* Task goal
Take the listing below and output it exactly, with no images.

* Data segment
------------------------------------------------
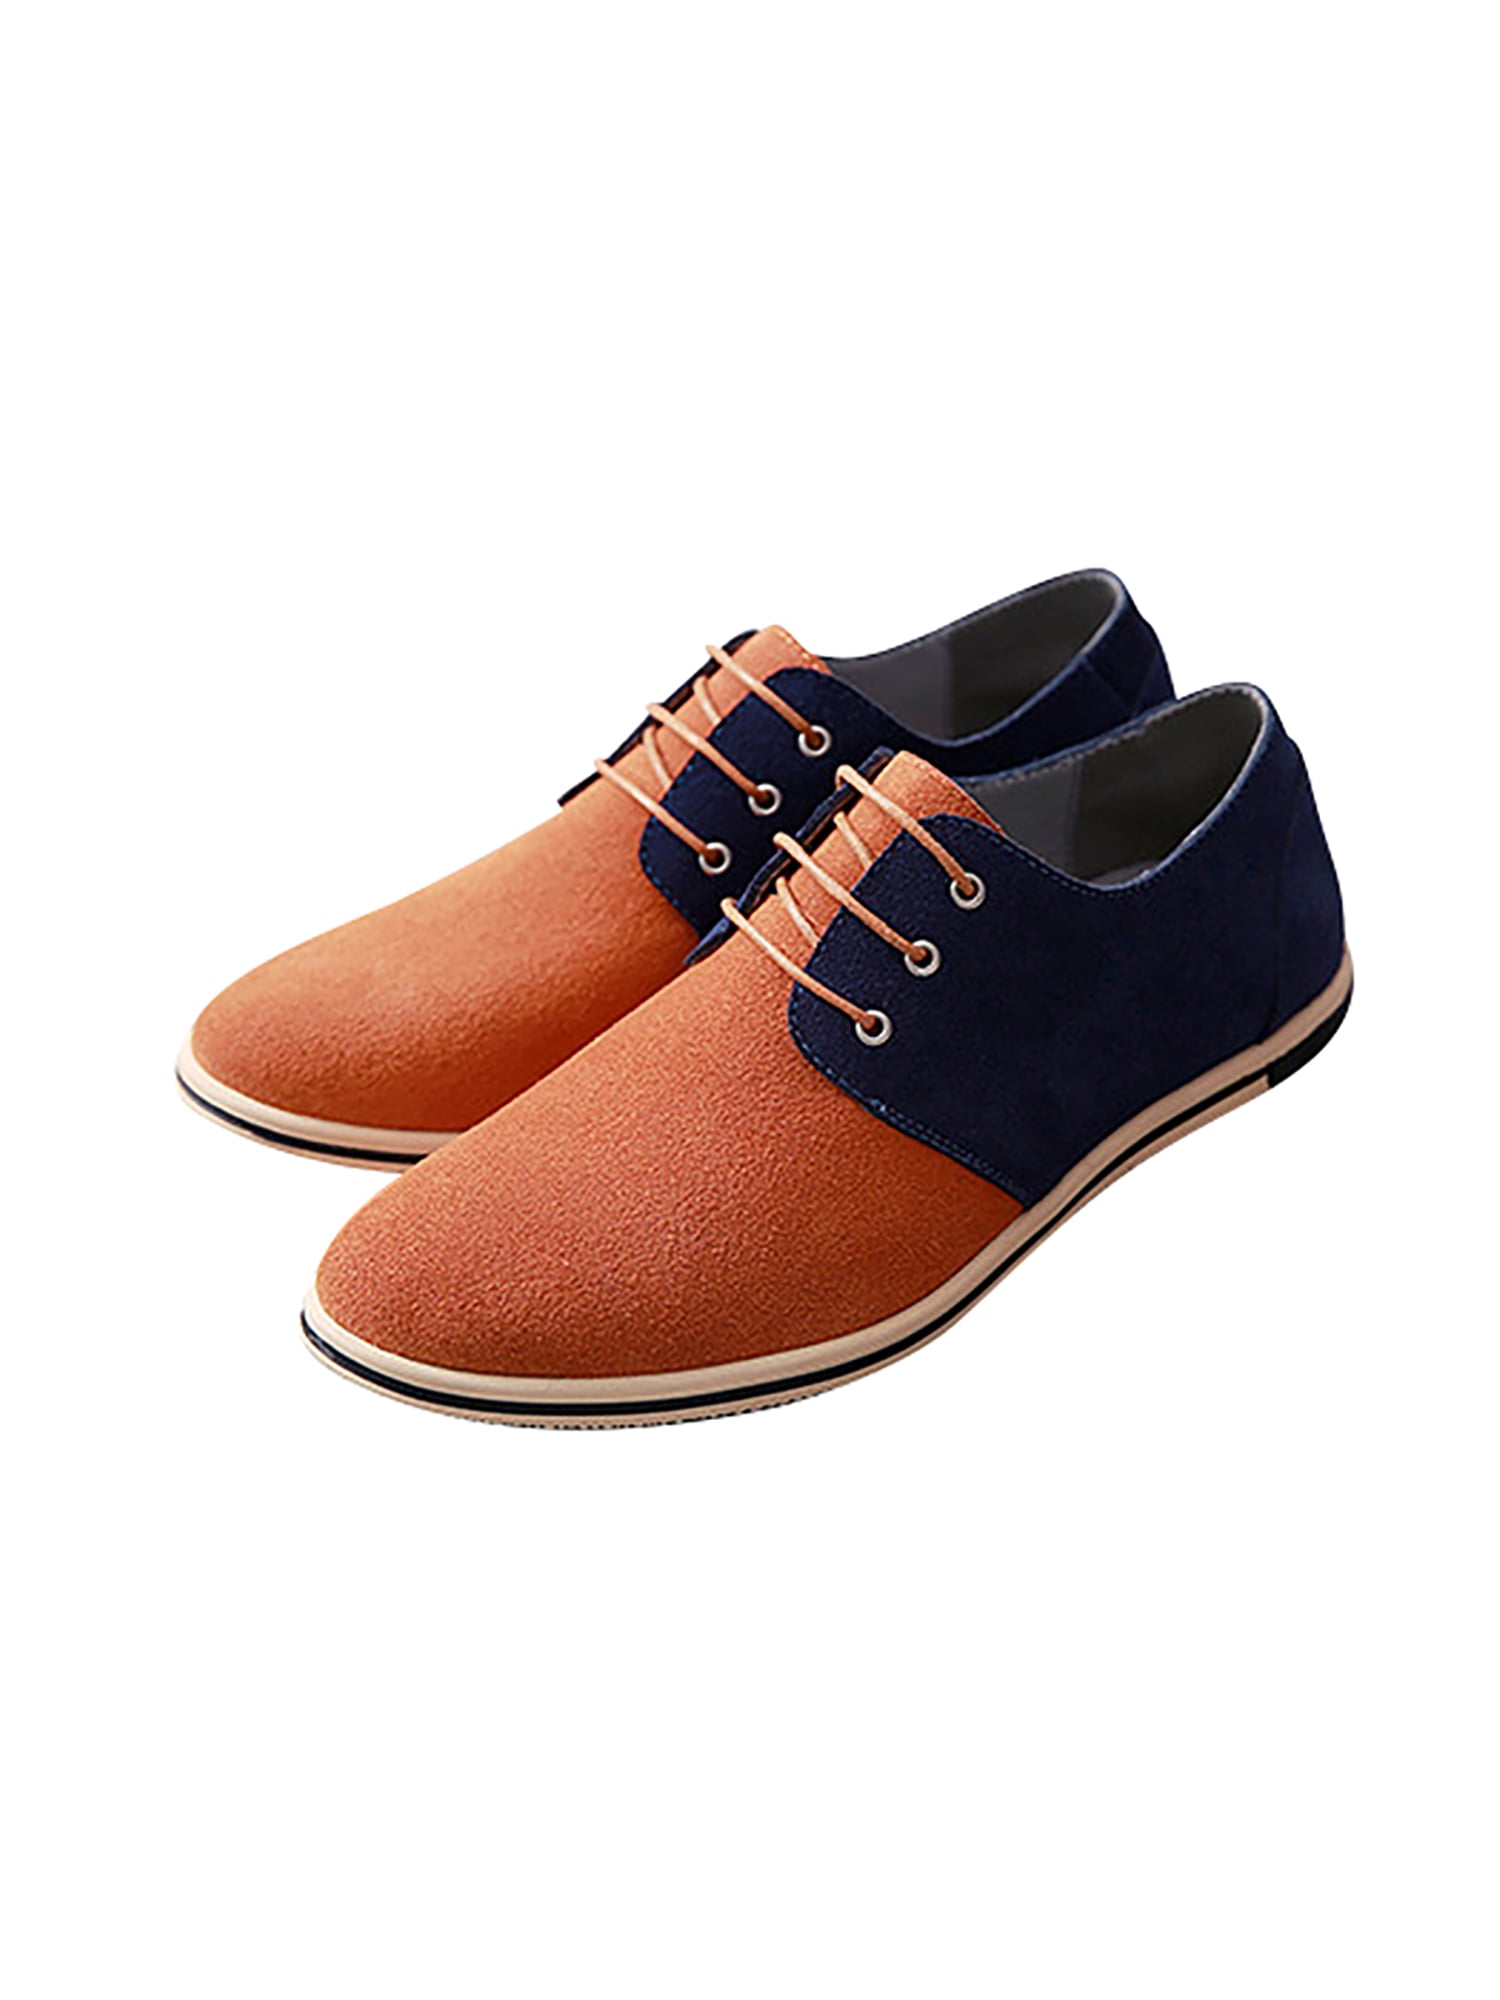 Details about   Retro Mens Dress Formal Real Leather Shoes Lace up Big Round Toe Oxfords Shoes 
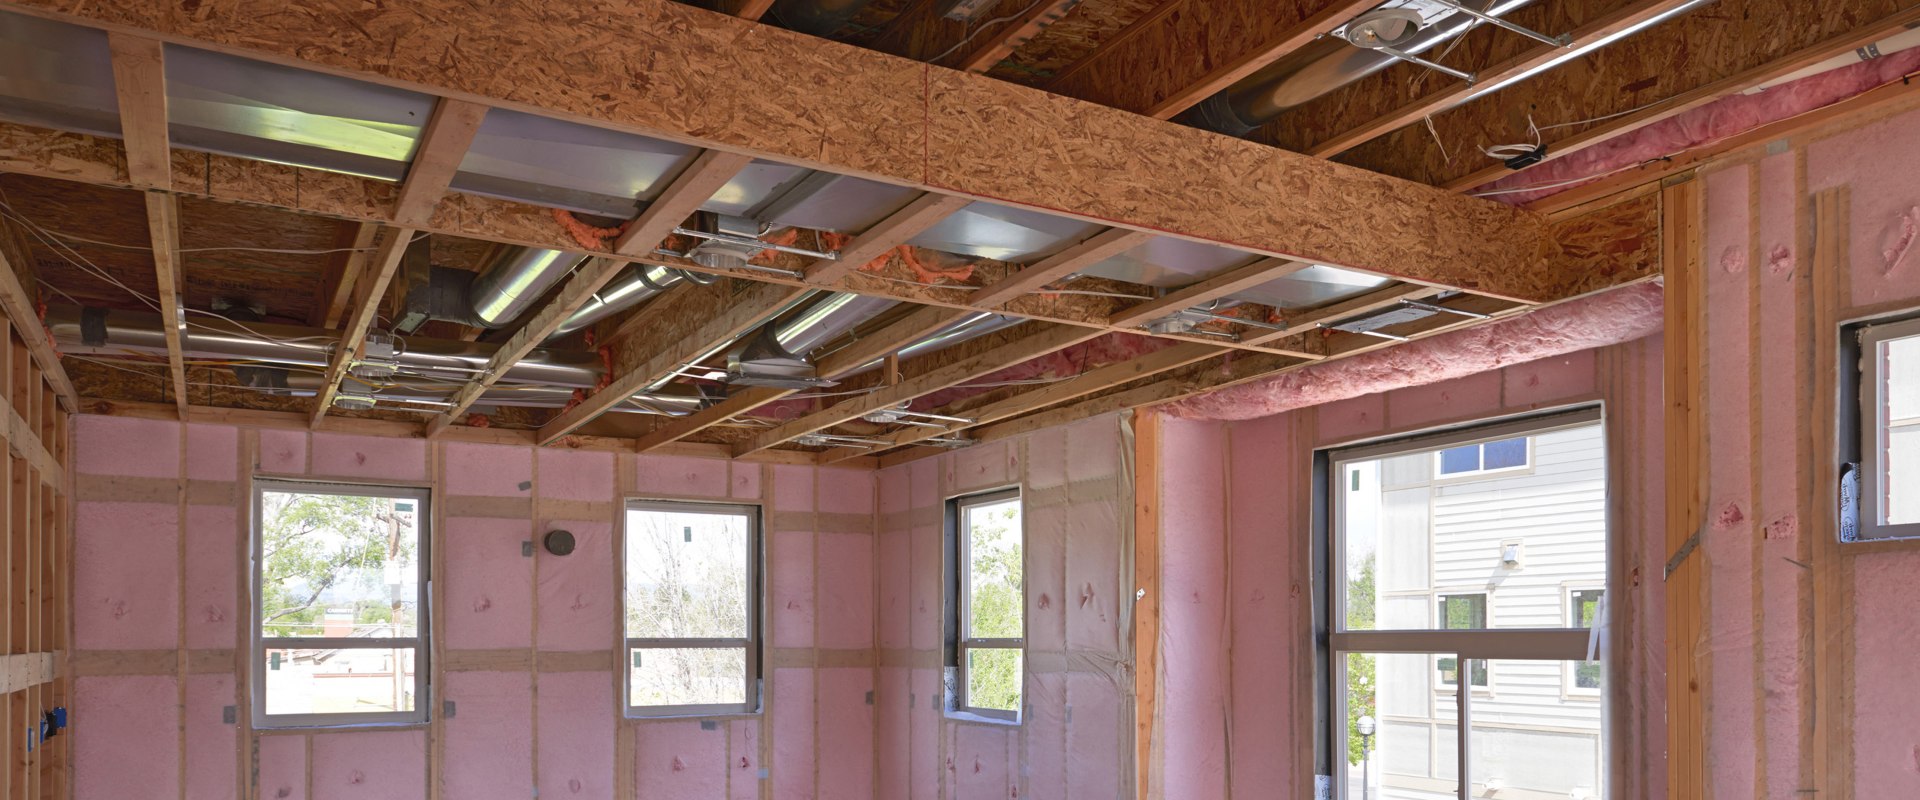 Insulating Ductwork Between Floors: What You Need to Know
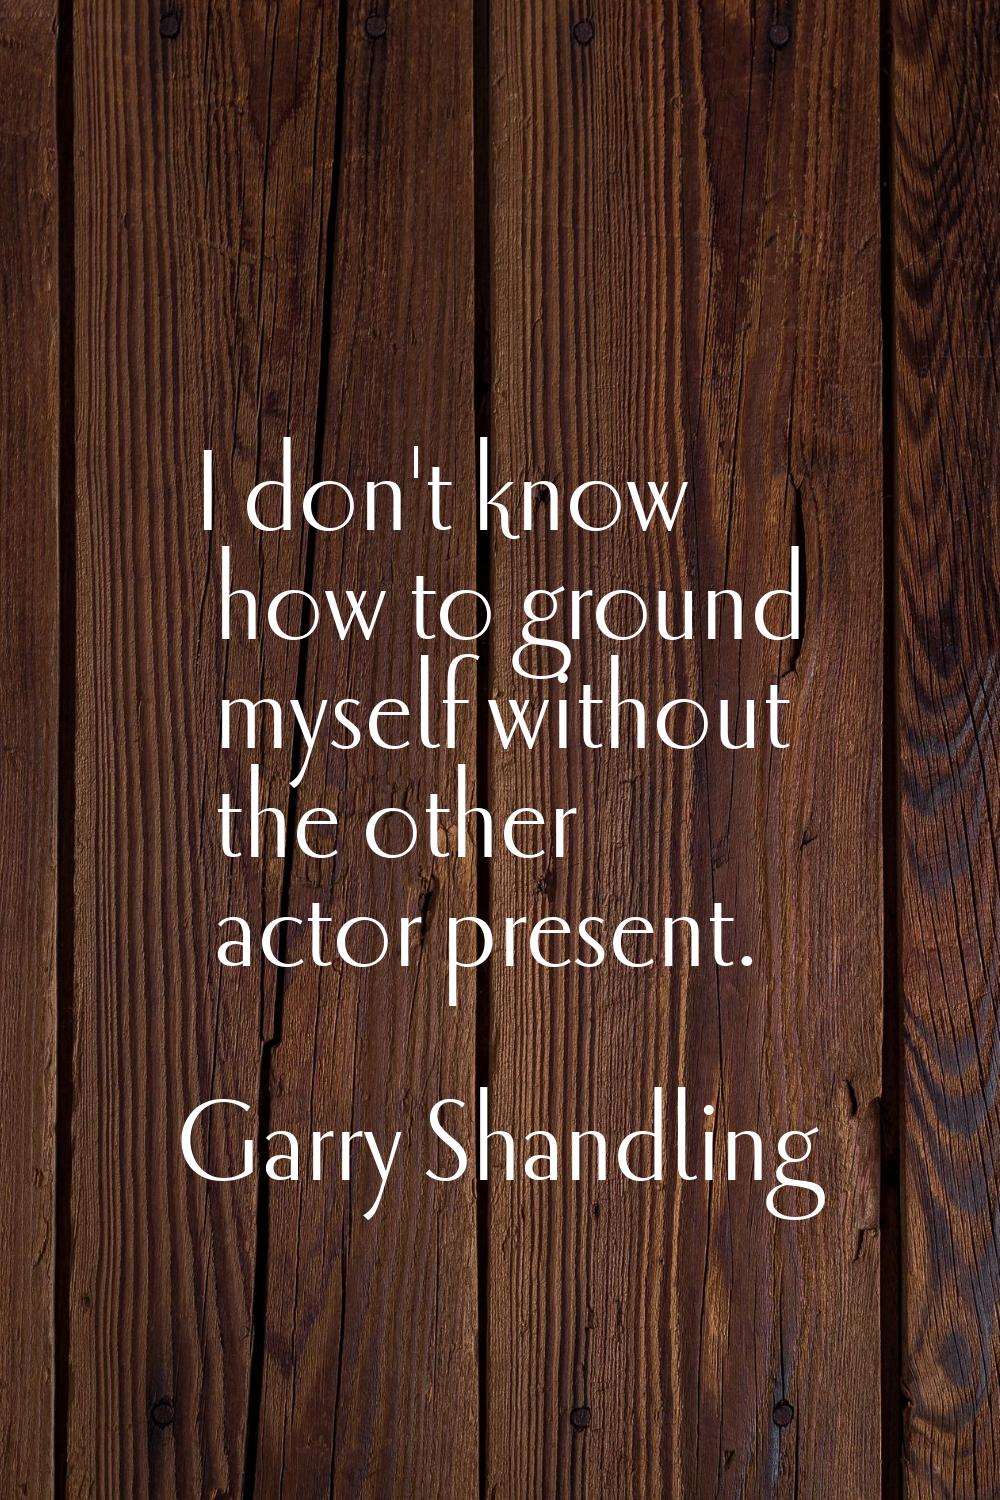 I don't know how to ground myself without the other actor present.
------------------------------------------------
* Response below
 Details about   Retro Mens Dress Formal Real Leather Shoes Lace up Big Round Toe Oxfords Shoes 
 Insulating Ductwork Between Floors: What You Need to Know
 I don't know how to ground myself without the other actor present.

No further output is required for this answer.